Who are the parents who wouldn’t be proud of a son or daughter advocating jobs, land reform, education, rights, and justice? What kind of society dissuades or makes it appear that youth are merely “indoctrinated” into doing the right thing?
There are hundreds of thousands, perhaps millions, of parents of young (and once young) activists, but it is really rare that they go to court to settle their differences with their sons and daughters. The best possible outcome, as far as history shows, is when parents try to understand and respect the choices made by their sons and daughters, treat them as adults, and take seriously the causes they take on.
Looking back, the trouble for Mr. and Mrs. Lucena did not start with AJ deciding to be a full-time activist. Considering the findings and rulings of the court and the DOJ, the problem started when the parents wittingly or unwittingly allowed themselves to be used by the police and the National Task Force to End Local Communist Armed Conflict as tools to promote their beliefs about activists and activism.
The ideas that activists are bad, that they were merely forced into the movement, that they are held against their will, and that they are communist rebels, are not part of any parent’s unwritten manual. These ideas are promoted and were put in their heads by agencies such as the PNP and the NTF-ECLAC. Sadly for the Lucena couple, they ended up losing the cases in the court and the DOJ, while the PNP and the NTF-ECLAC found for themselves propaganda tools against activists.
In 1971, the historian Renato Constantino wrote a compelling essay titled “Parents and Activists” as the country faced an explosive political situation, with the youth leading calls for a political revolution.
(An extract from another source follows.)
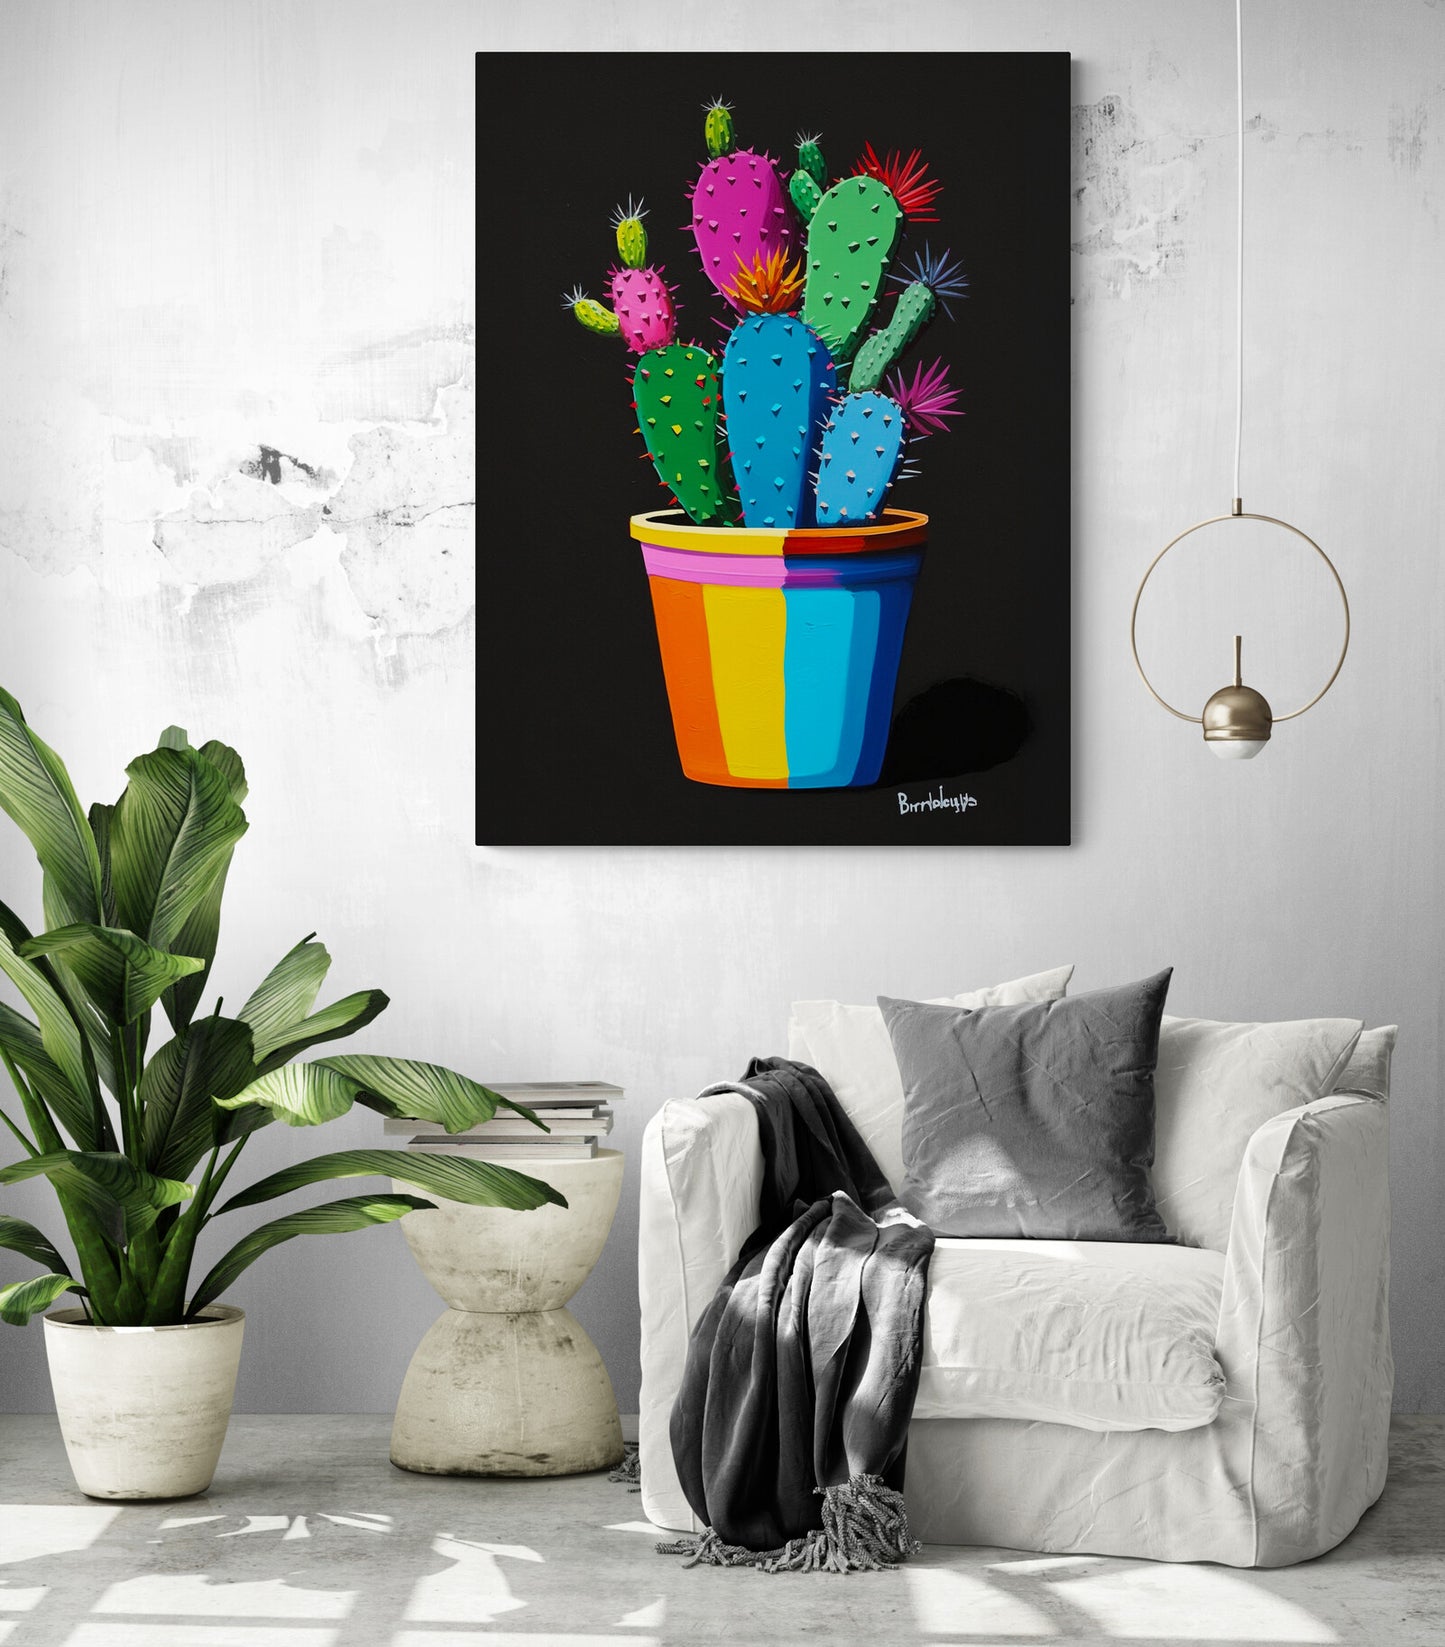 Tableau Cactus vibrant surplombant un fauteuil blanc, ajoutant un éclat audacieux à la décoration intérieure.

Constantino wrote: “A reversal of traditional roles seems to be occurring. Traditionally the young were expected to be self-centered, intent only on pleasure, to a great degree socially irresponsible. The old saw themselves as the guardians of the society, the people who worked and sacrificed, the planners and makers of a world they would be proud to leave to their children. Today, it seems as if it is the old who are more guilty of social irresponsibility and the young who have taken it upon themselves to plan and sacrifice for a better world for themselves and for the future.” “The least the parents can do is to listen to the young, ask questions, read what they read, examine their values.”
With the situation we face today, parents should appreciate if the youth, who they bring up and ask to focus on studies, study our country’s ills, find solutions and fully engage in addressing those ills. Activists meanwhile must consider their parents as part of the public they hope to enlighten, seek to serve, and mobilize towards the common national enemy. Amid all these, one would understand how families could be needlessly torn and whose interests are ultimately served by hysterical red-tagging.